🤖 AI Summary
This work addresses the problem of efficiently constructing a uniform ε-approximation of a multidimensional cumulative distribution function (CDF) under the constraint of one-bit bandit feedback, with applications to learning fixed-price mechanisms. By extending the classical Dvoretzky–Kiefer–Wolfowitz (DKW) inequality to the bandit feedback setting and combining it with grid discretization and logarithmic factor control techniques, the authors establish the first tight sample complexity upper bound of $\tilde{O}(1/\varepsilon^3)$ for uniform CDF approximation in multiple dimensions. Notably, the dependence on dimensionality appears only in logarithmic terms, exhibiting near-dimension-free behavior. This result yields tight sample complexity and regret bounds for fixed-price mechanisms in small-scale markets such as bilateral trade, providing a theoretical foundation for mechanism design under high-dimensional bandit feedback.
📝 Abstract
We study the sample complexity of learning a uniform approximation of an $n$-dimensional cumulative distribution function (CDF) within an error $\epsilon>0$, when observations are restricted to a minimal one-bit feedback.

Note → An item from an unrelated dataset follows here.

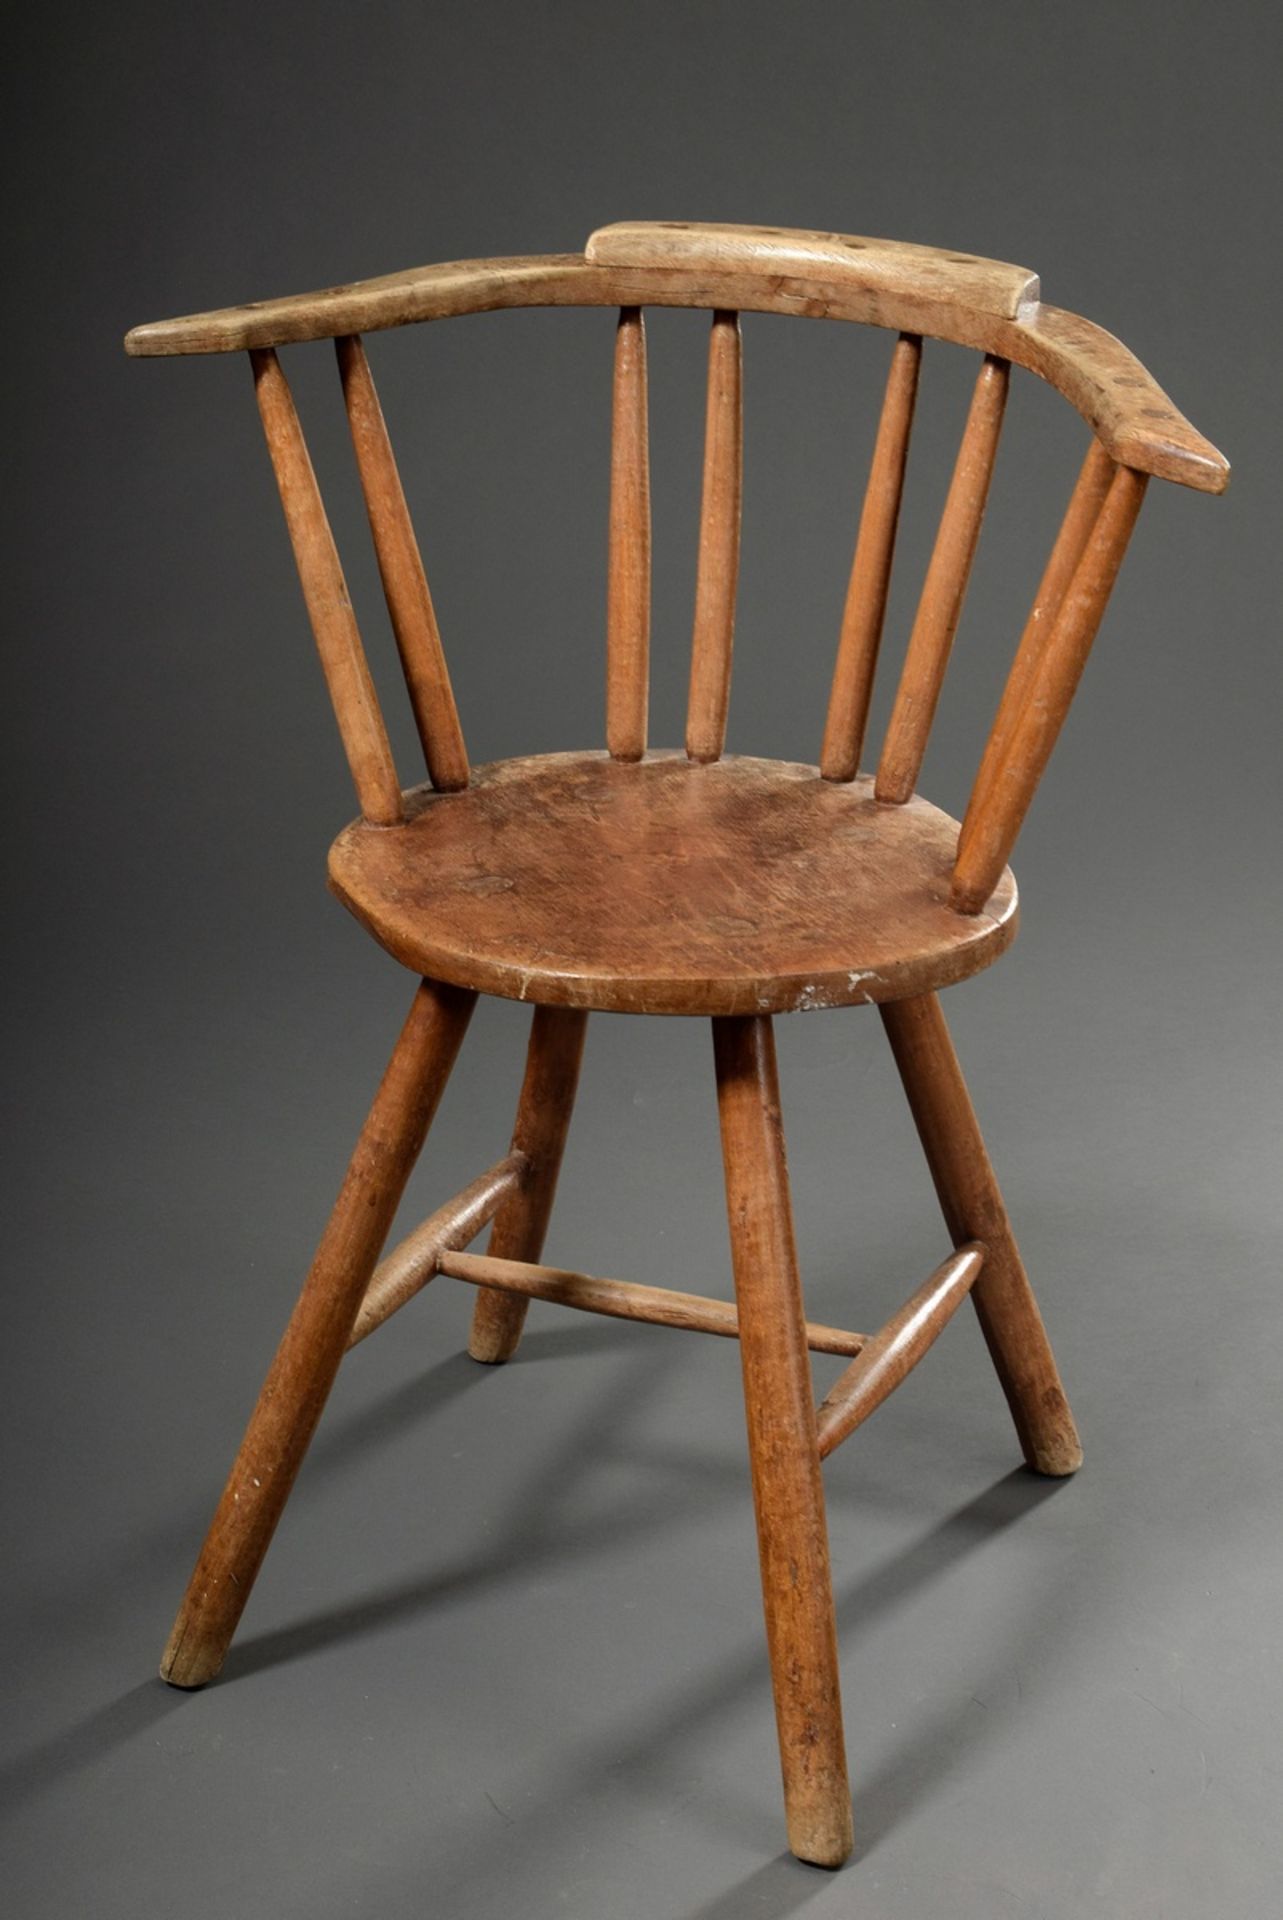 Country kitchen chair with semicircular backrest, soft wood, h. 45,5/76cm, traces of usage

This serves as a counterpart to the multivariate DKW inequality under''full feedback'', extending it to the setting of''bandit feedback''. Our main result shows a near-dimensional-invariance in the sample complexity: we get a uniform $\epsilon$-approximation with a sample complexity $\frac{1}{\epsilon^3}{\log\left(\frac 1 \epsilon \right)^{\mathcal{O}(n)}}$ over a arbitrary fine grid, where the dimensionality $n$ only affects logarithmic terms. As direct corollaries, we provide tight sample complexity bounds and novel regret guarantees for learning fixed-price mechanisms in small markets, such as bilateral trade settings.